These are small gestures, to be sure, and it’s easy to be cynical about their import. Yes, politics can be hyper-partisan, and many see it as a scorched-earth, zero-sum game, where there are clear winners and losers. But at their best, political convictions stem from deeply held values that those who hold them have worked out to their practical implications and real-world applications. In other words, our political differences matter, and seeing such affection in the relationship between Obama and Bush—whose political stances diverge so sharply—can be unsettling, forcing fans of either figure to confront their assumptions about the other and to take stock of their ultimate aims and how best to achieve them. It is much simpler to idolize or demonize, but simpler doesn’t really get us to our goals and the obstinate other must always be reckoned with.
Obama herself provides a framework for undertaking this difficult task of engaging and even working with those who see the world differently from us. In an interview with Jenna Hager, Bush’s daughter, Obama suggests that bipartisanship is nearly impossible in a world where nastiness sells. What good can be done cooperatively if each side thinks the other simply evil or stupid? Pushing back against that, though, requires not ignoring or eliminating our differences but ratcheting down the (sadly common) inflammatory rhetoric and remembering our commonalities, even appreciating the other. Michelle Obama has graciously led the way.
There’s a lot of wisdom in Faulkner’s famous quip, “The past is never dead. It’s not even past.” A&E’s new docuseries The Clinton Affair offers compelling support for that claim, as it unearths the twenty-year-old scandal and highlights just how much our current moment has been shaped by that time. Political power grabs, corruption, exploitation, deceit, betrayal, an onslaught of media voyeurism: the details may have changed, but the general trends remain the same. Revisiting that era can help us gain a better vantage point on our own, and in her contributions to the project, Monica Lewinsky proves to be one of our best guides.
In her recent piece for Vanity Fair, Lewinsky explained why she would willingly choose to return to the most devastating time of her life, a time when she was too young to really understand what she had gotten herself into, too vulnerable to protect herself from the powerful people and institutions who sought to use her for their own ends, and too emotionally invested to be able to judge the situation rightly and see her way forward. For empowerment, comes the answer—though she doesn’t use that word. She participated in the documentary to empower herself by speaking the unvarnished truth on her own terms and to empower others with the penetrating insights gained from the difficult experience and its long aftermath.

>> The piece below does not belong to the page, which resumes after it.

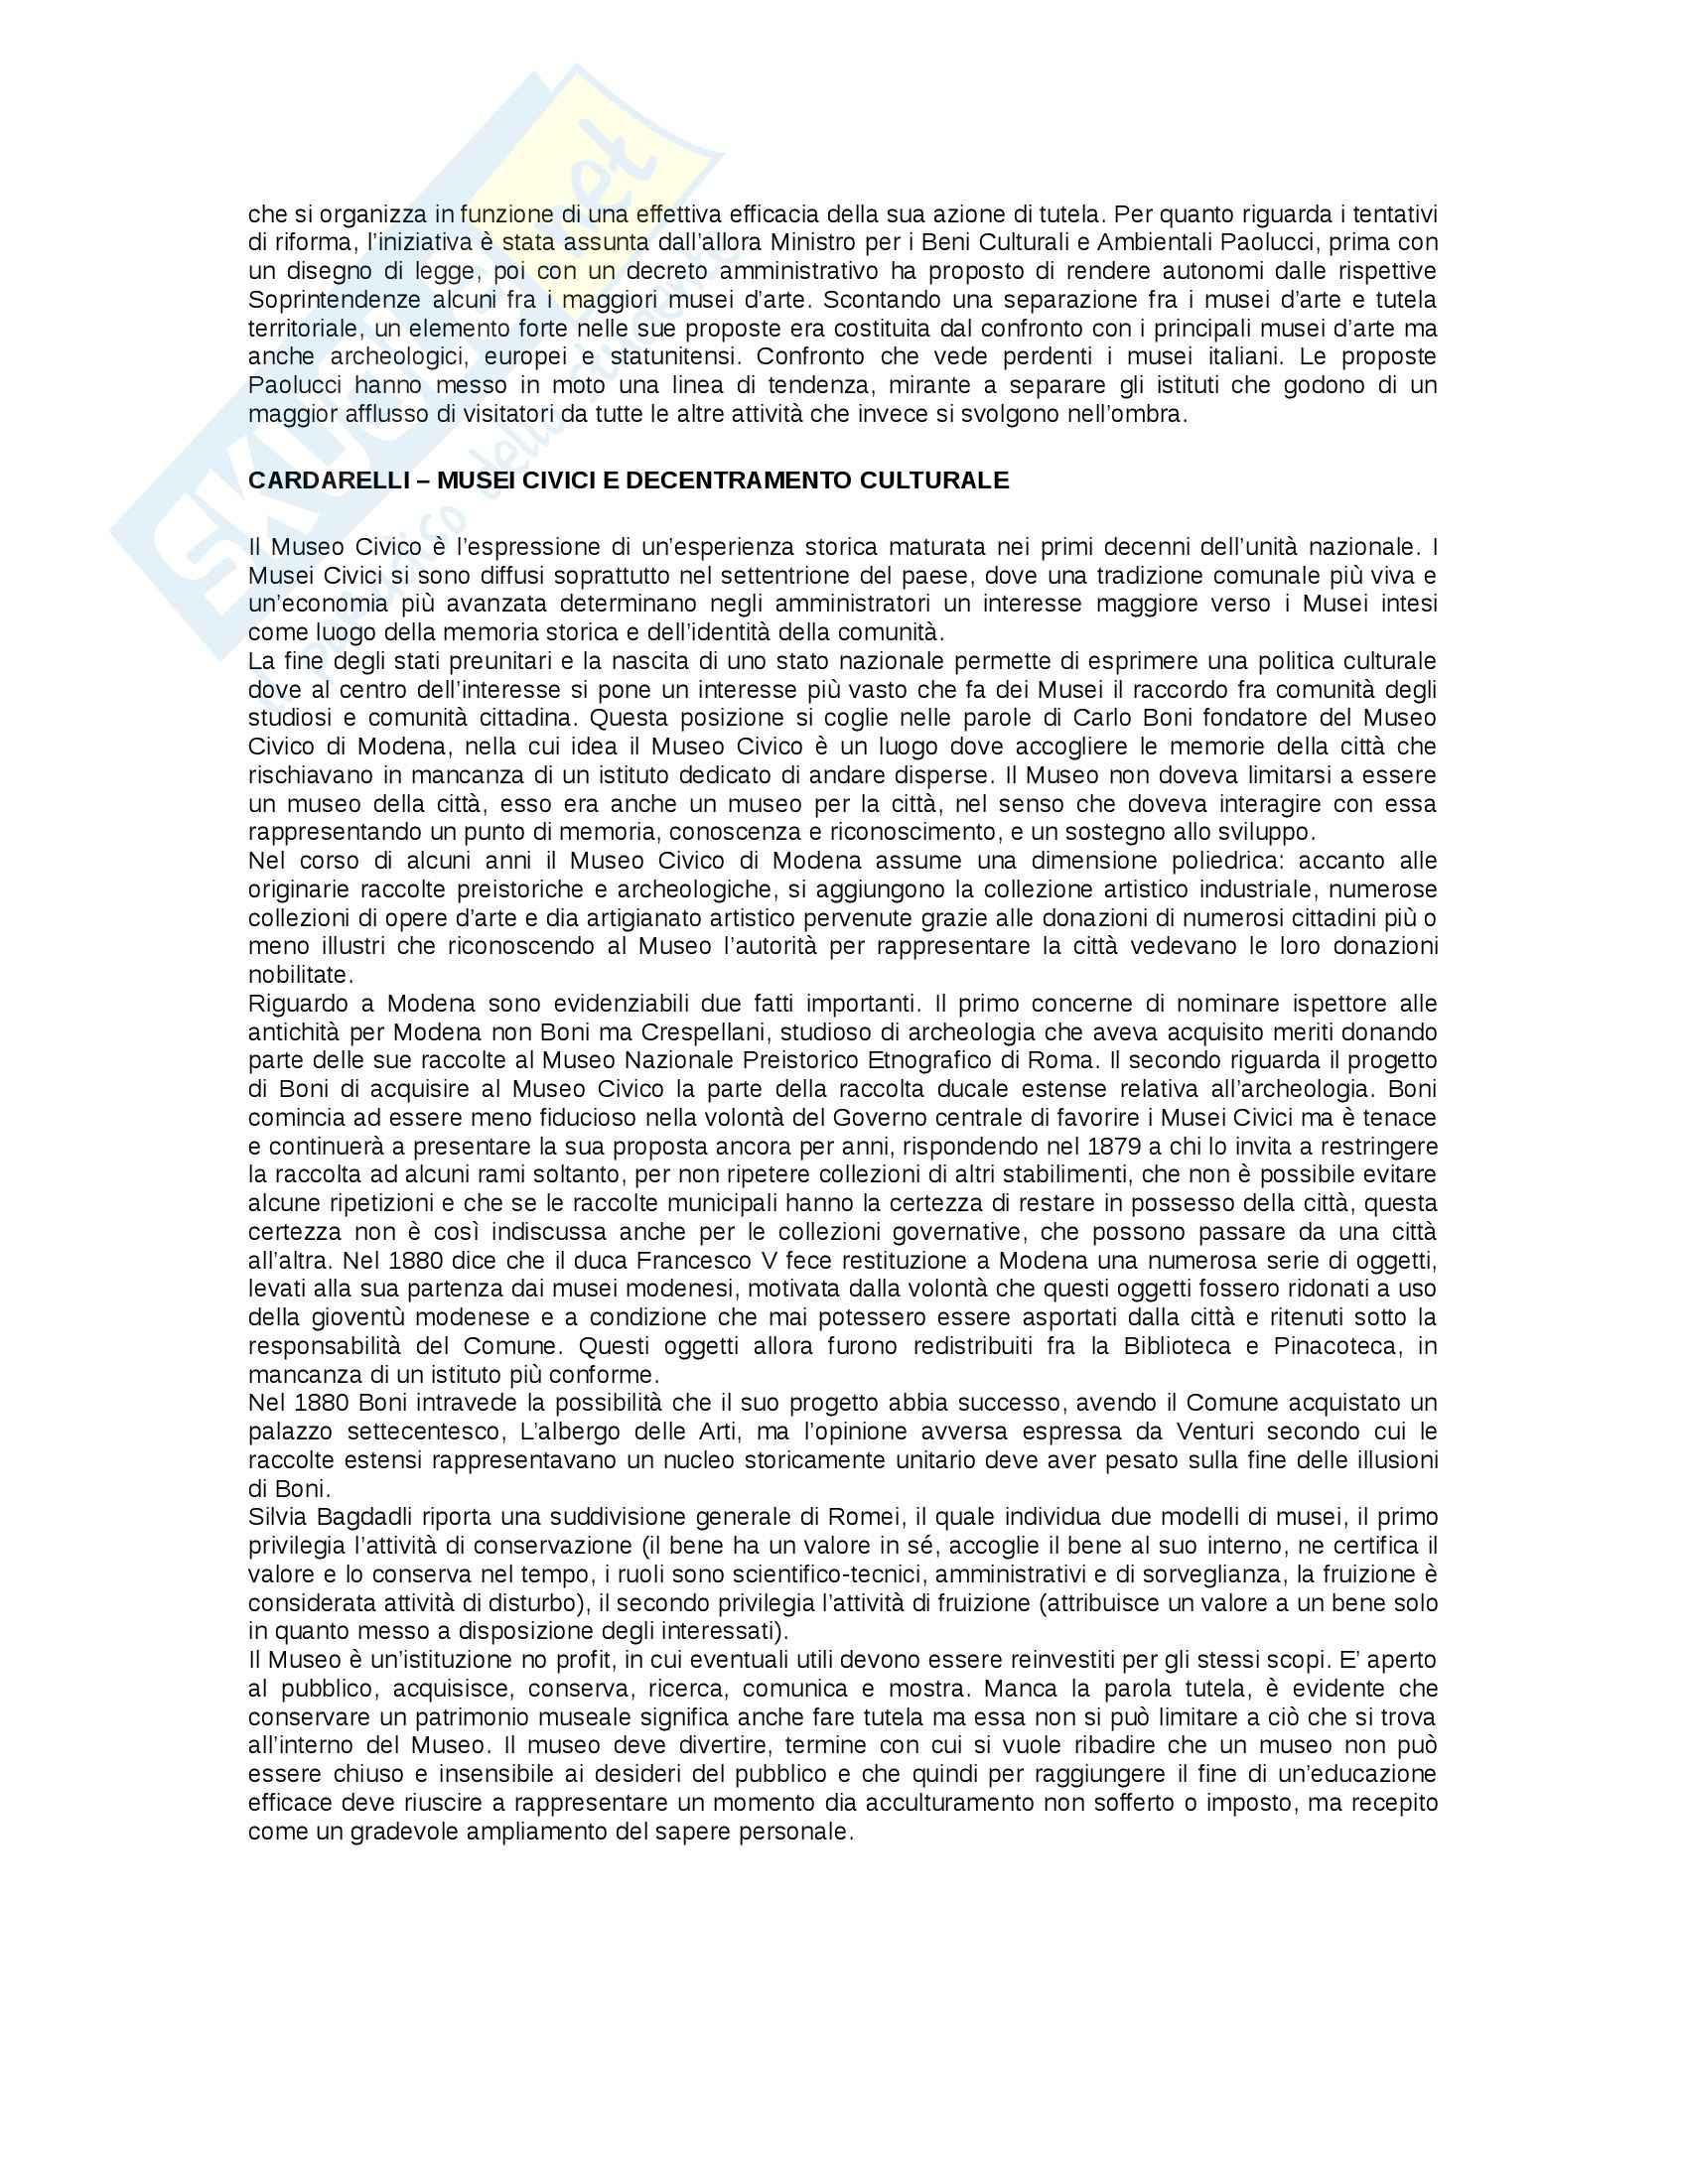 Riassunto esame Museologia, prof. Gioia Pag. 6

It’s a tricky balance Lewinsky walks, both in the series and in her Vanity Fair piece; she owns her failings while acknowledging her naivety—regarding Bill Clinton, regarding Linda Tripp, regarding the DOJ, regarding her own legal counsel, regarding the media. Although she never asks for pity or claims victimhood, Lewinsky still manages to provoke the viewer’s sympathy. The degrading, cartoonish depictions of Lewinsky fall away in the face of the real person processing her real suffering. Her account pricks our conscience about those today that we might rush to caricature. Lewinsky’s essay explains that she needed to revisit her painful past, “to acknowledge to myself past behavior that I still regret and feel ashamed of” in order to heal; we find in watching her do so, that we, too, still have much to learn.
Five needful words—all offering hope and redemption for these troubled times, but all steeling us for the difficult and sometimes painful challenge of enacting that healing. Amid the upheaval of 2018 there have been many others sharing the same message. This Christmastime, as we reflect on the Word made flesh who dwelt among us and made possible our salvation, may we have ears to hear echoes of that Word in the voices of those around us. Even better, may we speak these words ourselves.